To avoid indistinguishable cases between similar pairs, we adopt a filtering strategy for pair generation. We first generate all candidate pairs and calculate the similarity of each pair using Sentence-BERT embedding. Then we exclude candidate pairs with a similarity higher than 0.9. We randomly sample pairs from the remaining captions to obtain the final generated pairs for comparison. For HC and HM, we randomly sample the pairs. For MM, we randomly sample four pairs if there are more than four candidate pairs, otherwise we use all the pairs left. In case of no pairs left after filtering, we select the pair with the lowest similarity. In this way, we finally obtain human judgments on 1,750 pairs on Clotho and 1,671 pairs on AudioCaps. Higher inter-annotator agreement is achieved on both datasets, indicated by a Fleiss Kappa score of 0.48 and 0.33 respectively. We will refer to them as AudioCaps-Eval and Clotho-Eval. To our best knowledge, this is the first dataset of human judgments on the quality of audio captions. We evaluate the effectiveness of different metrics using this dataset.

3 Evaluation Metrics

In this section we briefly introduce the automatic evaluation metrics investigated in this work. Traditional NLG Metrics and Image Caption Metrics are the current adopted ones for audio caption. Pre-trained Model Based Metrics are the existent metrics utilized in other domains and proposed to use for audio caption. Error Detector is the newly customized metric for evaluating the vastly present fluency issues in generated captions.

Traditional NLG Metrics Traditional NLG metrics mainly rely on N-gram matching. BLEU [8] counts the exact N-gram matches between a candidate and its corresponding reference sentences and calculate the precision, while ROUGE [9] is the recall-based counterpart of BLEU. A clear limitation for these methods is that even a subtle difference in the wording for expressing a similar meaning will be counted as an error. METEOR [10] is proposed to alleviate the problem by supporting word stems, synonyms and simple paraphrases. However, similar words beyond such changes are still unhandled, and none of them are capable of capturing similarity based on contextualized semantics.

Image Caption Metrics For the evaluation of Image captioning models, many methods have been proposed to further leverage the specific characteristics of image captions. Since image captions can be diverse even for the same picture, CIDEr [11] tries to capture the consensus among multiple annotators by rating a candidate by the mean TF-IDF similarity across reference captions. Moreover, since image captions usually describe the objects, attributes and relations depicted in the image, SPICE [12] proposes to utilize the scene graph representation parsed from caption to capture such key concepts, and rate a candidate caption by the F1-score over scene graph tuples between a candidate and its references.

These metrics have shown high correlation with human judgments for image captioning.

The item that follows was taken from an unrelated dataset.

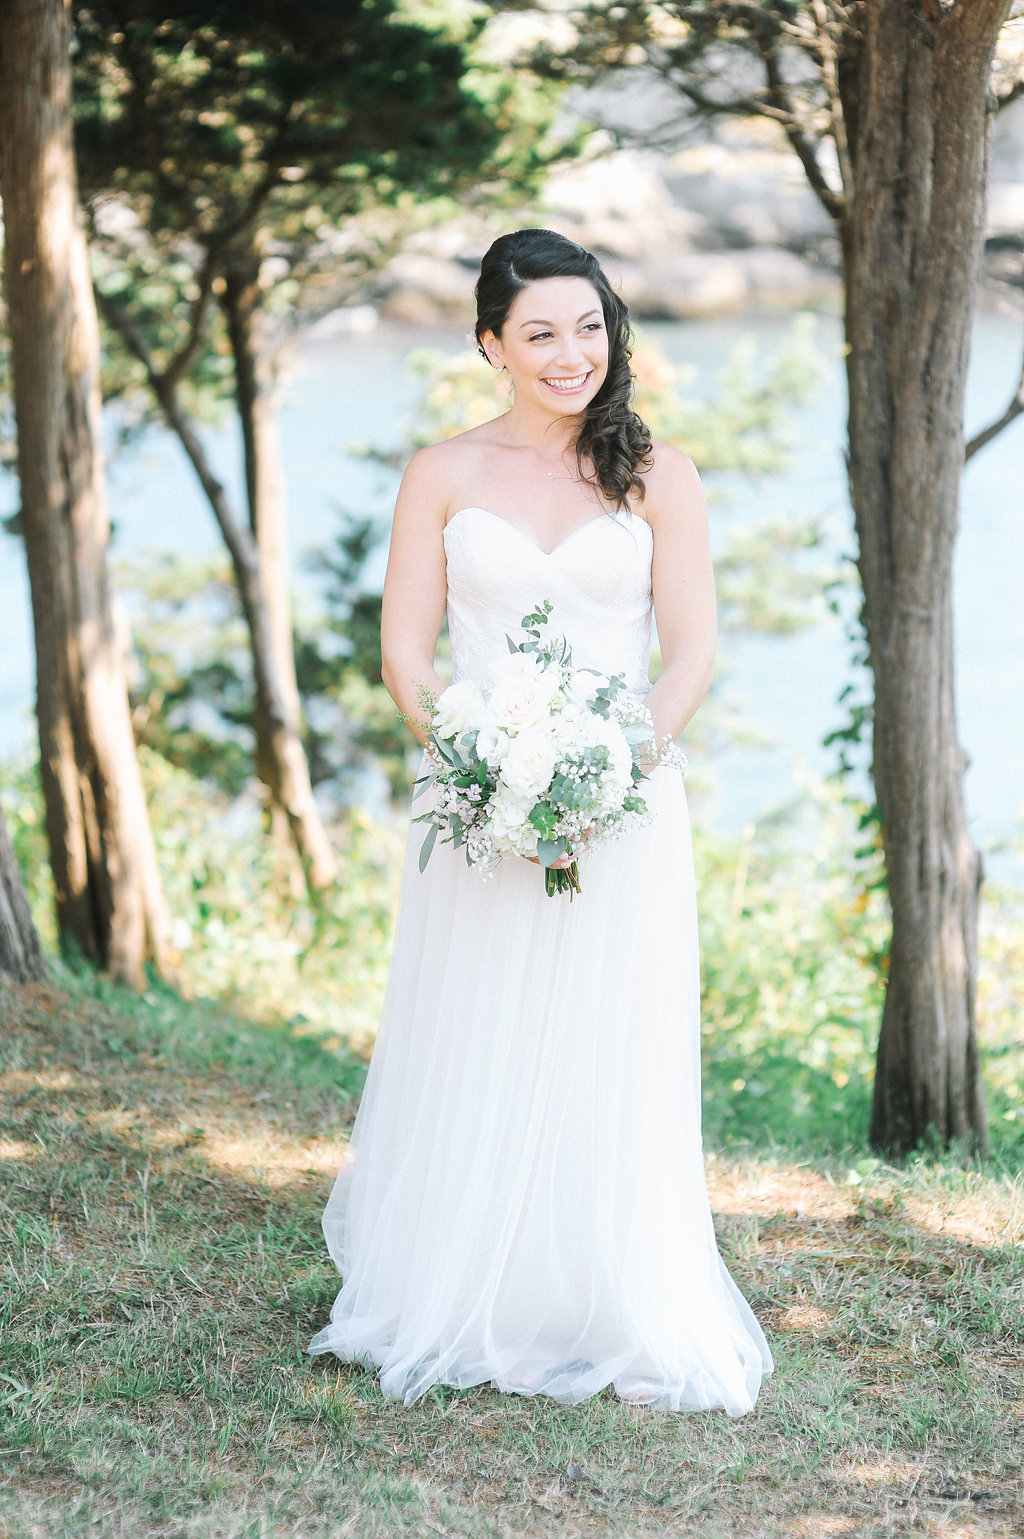 BrideGroomPortraits_Dragonline_Studios_Jamestown_RI_Wedding-48.jpg

However, some specific characteristics of image captions may not apply to audio captioning. For instance, the difficulty in identifying complex relations and attributes for an audio may pose challenges for the parse of scene graphs. They also suffer from the limitations of traditional metrics.

Pre-trained Model Based Metrics Recently, pre-trained language models like BERT [22] have been utilized for enhancing the evaluation of NLG. Their ability to produce contextualized word representations can overcome the limitation of N-gram matching, and the large pre-training corpus may further facilitate their domain generalizability, which inspired us to investigate their performance for the evaluation of audio captioning. BERTScore [15] leverages the contextualized word embeddings from the original BERT to calculate similarity on word-level, and aggregates them into sentence similarity with IDF weighting scheme. BLEURT [16] follows the original BERT to pair the sentences as input and uses a linear layer on top of the [CLS] embedding to predict the score. They further finetune the BERT backbone specifically for evaluation.

We also explore a novel use of Sentence-BERT [17]. It is a modification of BERT that uses siamese network structure to learn sentence embeddings so that their cosine similarity can reflect the semantic similarity. Although it was originally proposed for similarity search or clustering, we hypothesize that its capability of measuring semantic similarity may also benefit the evaluation of audio captioning. Therefore, we rate a candidate caption by its average cosine similarity with references according to Sentence-BERT embeddings.

Error Detector Fluency issues like repeated events and incomplete sentences are prevalent in current audio captioning systems. However, few of the current evaluation metrics are able to take them into consideration, resulting in their overestimation of system quality. To mitigate this problem, we propose to use a separate error detector to penalize the scores given by other evaluation metrics when fluency issues are detected. We investigated the outputs of the captioning systems (§2.1), and found several typical types of fluency issues. We summarize them and give examples in Table 1.

Type	Example
Incomplete Sentence	a woman is giving a speech and a (…)
Repeated Event	music plays followed by music playing
Repeated Adverb	sheep bleats nearby several times nearby
Missing Conjunction	people speaking (and) a train horn blows
Missing Verb	food sizzles and a pan (verb)

Table 1: Types and examples of fluency issues. We use parentheses to mark the missing information.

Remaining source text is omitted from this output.